Playing For KeepsPlaying For Keeps

Until Sept. 11, an executive's worst nightmare might have involved the loss of a key building to fire or a natural disaster such as an earthquake or tornado. But the thought of hundreds of employees dying in a terrorist attack was unfathomable, as was the notion that a single event could indefinitely interrupt such basic business necessities as telecommunications and transportation.

That's why a companywide approach to disaster recovery-also referred to as business-continuity planning-has become a higher priority at many companies. "Business continuity will have higher-level visibility and higher-level expectations," says Bill Godfrey, chief technology officer at Dow Jones & Co., publisher of The Wall Street Journal. It's a lesson all too clear to the New York business-information provider, which on Sept. 11 lost its main offices near the World Trade Center and had to evacuate hundreds of editors, reporters, and support personnel. To get a newspaper out that night, Dow Jones initiated its business-continuity plan by hastily setting up alternate offices, installing 100 workstations, ordering additional network capacity, and counseling employees as they adjusted to the new working conditions. It will take months of rebuilding before Dow Jones can return to its original offices.

"Our management knows we have to invest" in business-continuity planning, Godfrey says. "We won't get away on the cheap." Now, all production systems will be backed up and tested, he says, and the company is looking to hire a director to focus solely on disaster recovery.

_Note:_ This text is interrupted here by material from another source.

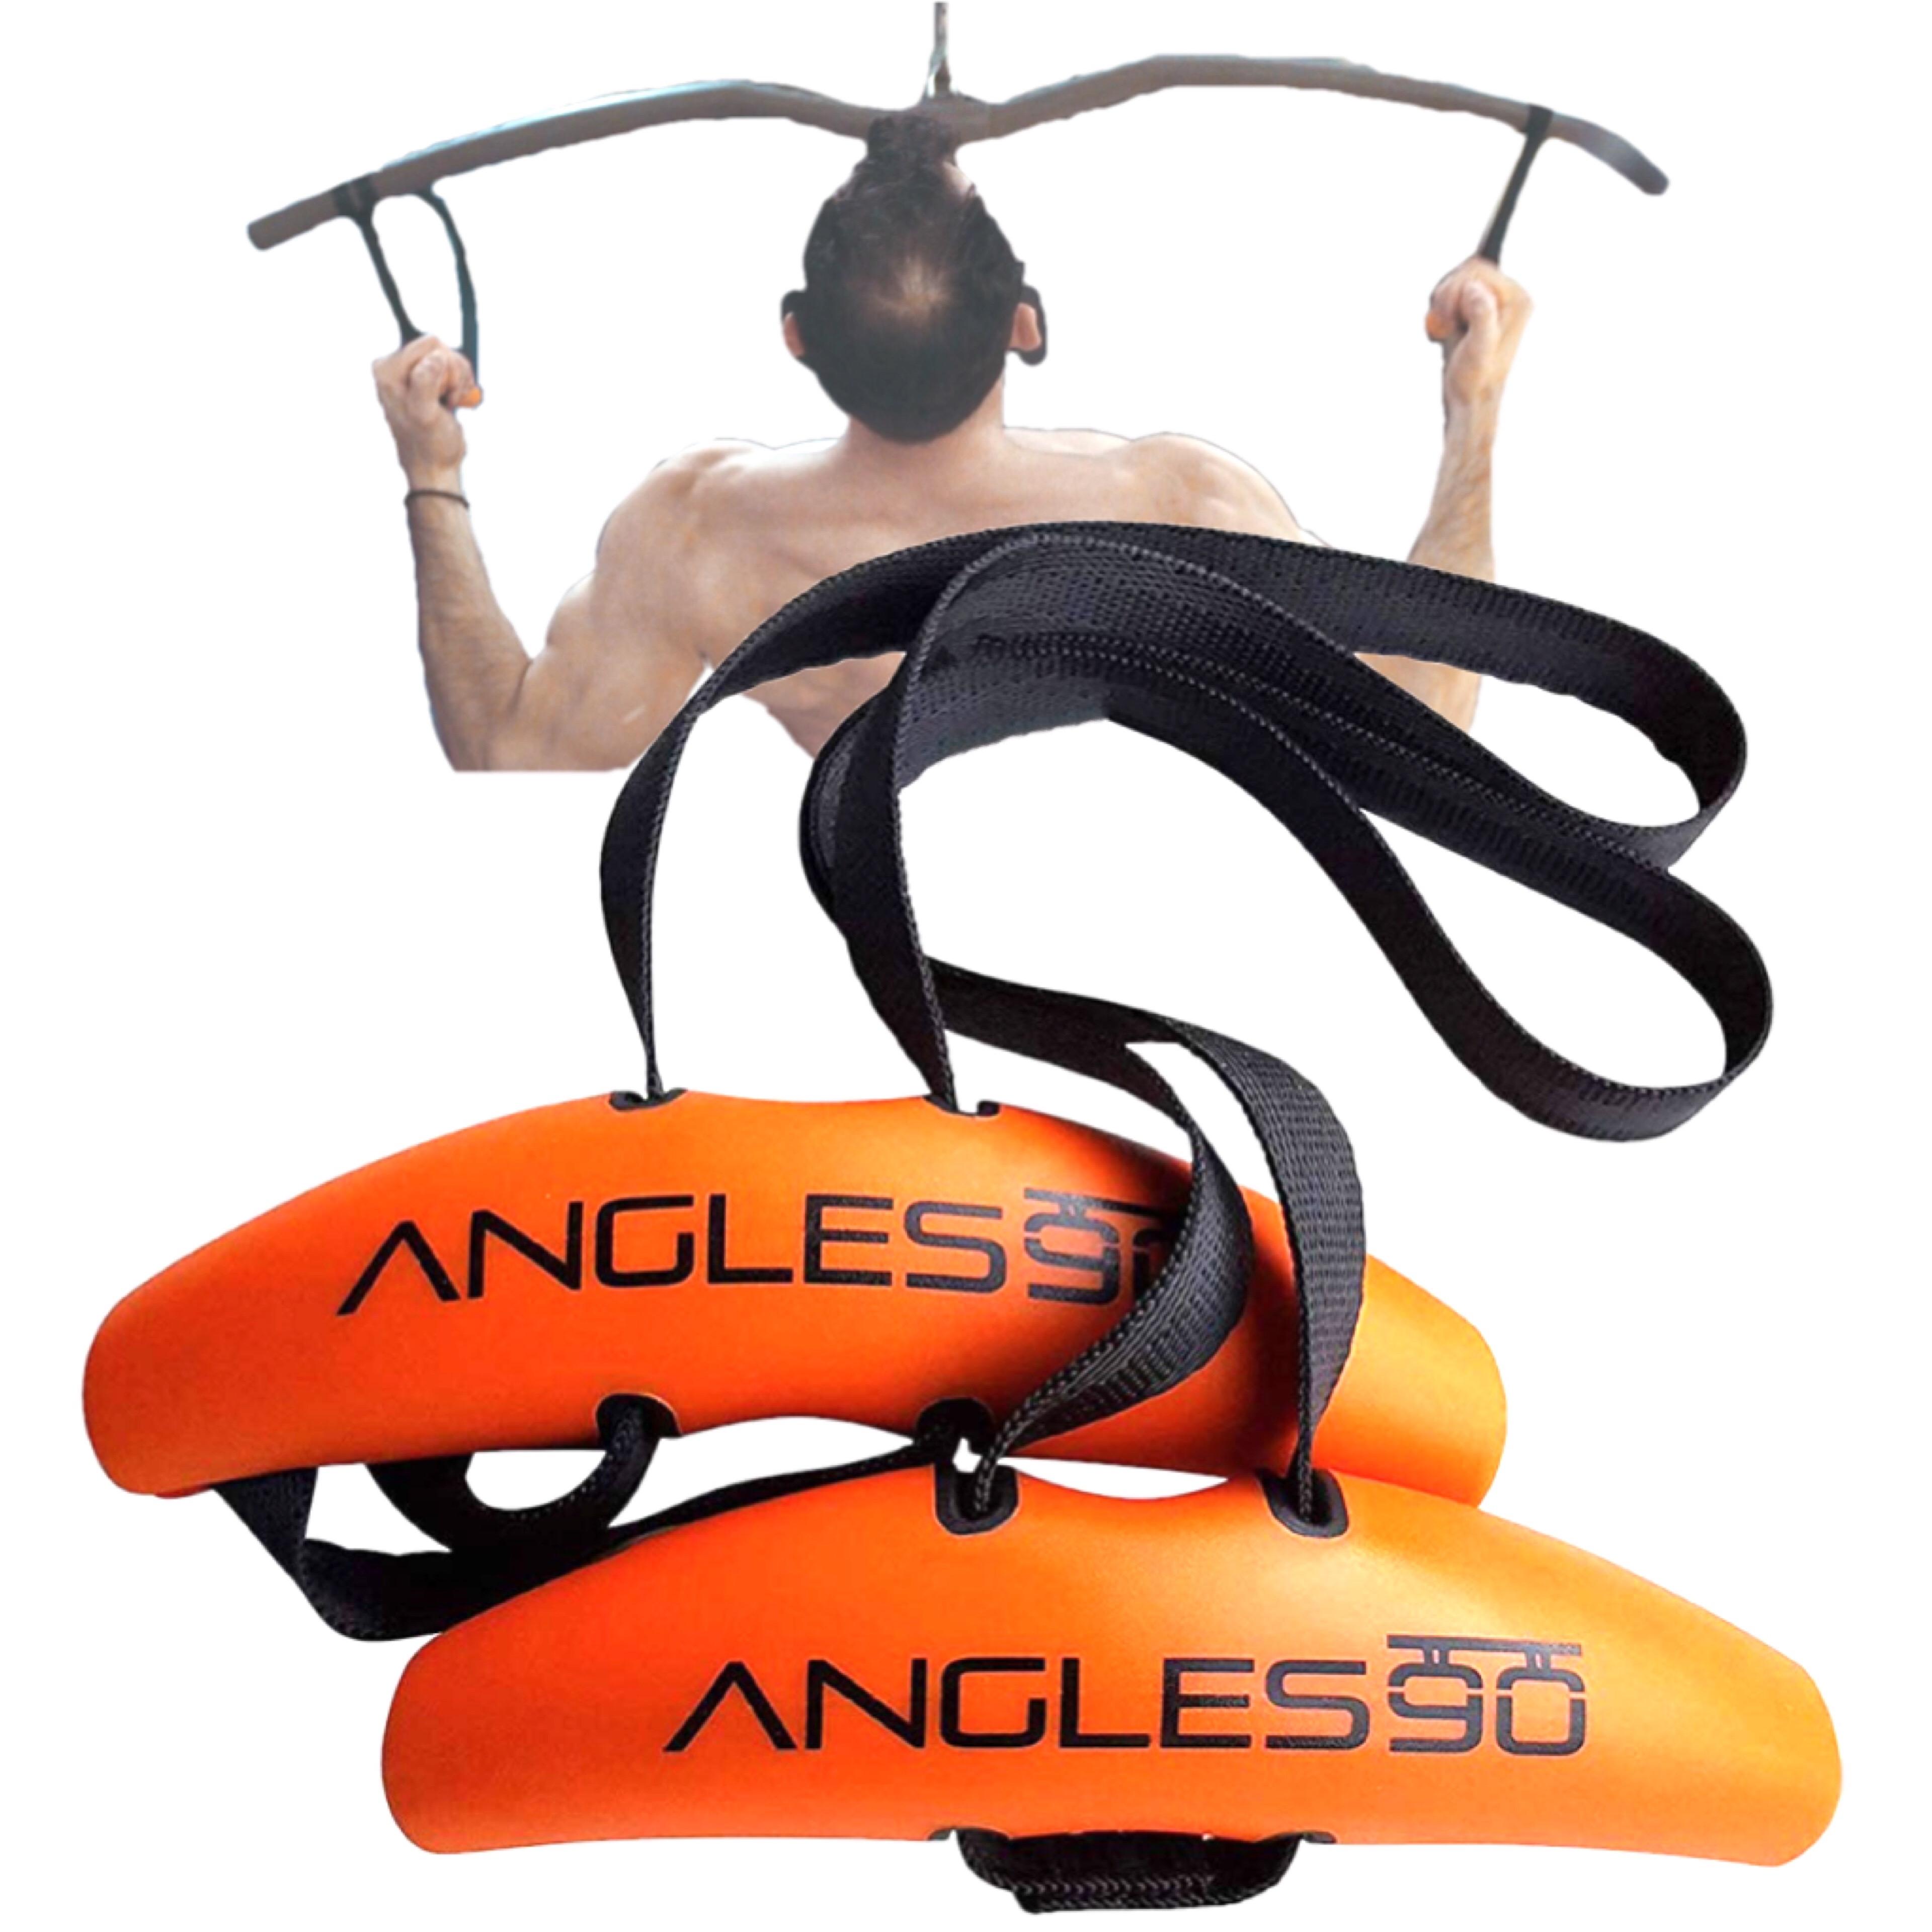 Angles90 アングレス90 グリップセット 懸垂補助器具 優先配送 ケーブルアタッチメント 予約販売品 イタリア製

Companies directly affected by the events of September aren't the only ones giving business-continuity planning more serious thought. According to an information Research survey this month of 250 IT and business managers responsible for their companies' business-continuity and/or disaster-recovery plans, fielded by PricewaterhouseCoopers, more than half the managers surveyed say their companies will increase spending on business-continuity planning in the next 12 months-including 10% who expect a significant jump in expenditures.

There's certainly room for improvement. According to the survey, only 64% of companies with business-continuity plans extend their efforts across the entire enterprise. High costs and limited time are serious challenges to comprehensive planning, and most businesses don't regularly update their plans, nor do they disseminate them throughout the company.

Perhaps most disturbing, evidence points to a disconnect between business managers and IT managers, and between companies and their partners, concerning business-continuity planning. Three in five survey respondents say business continuity and disaster recovery don't involve a collaborative partnership between business and IT leaders. And few companies bother to share business-continuity plans with business partners, key vendors, or service providers.

Business-continuity plans must anticipate the chain reaction a single, dramatic failure can create throughout a company and outside it. Doing so requires the cooperation of a company's management at all levels, as well as the involvement of most, if not all, of its value-chain partners. While many companies have spent some time and effort developing such plans, few have a comprehensive grasp of all elements.

Companies that provide business-continuity planning and disaster-recovery services, perhaps not surprisingly, report a considerable surge in inquiries since Sept. 11. "The sight of all that paper fluttering down after the towers collapsed hit home with people," says Pat McAnally, marketing director at SunGard Planning Solutions, the consulting arm of SunGard Data Systems Inc., a provider of disaster-recovery programs.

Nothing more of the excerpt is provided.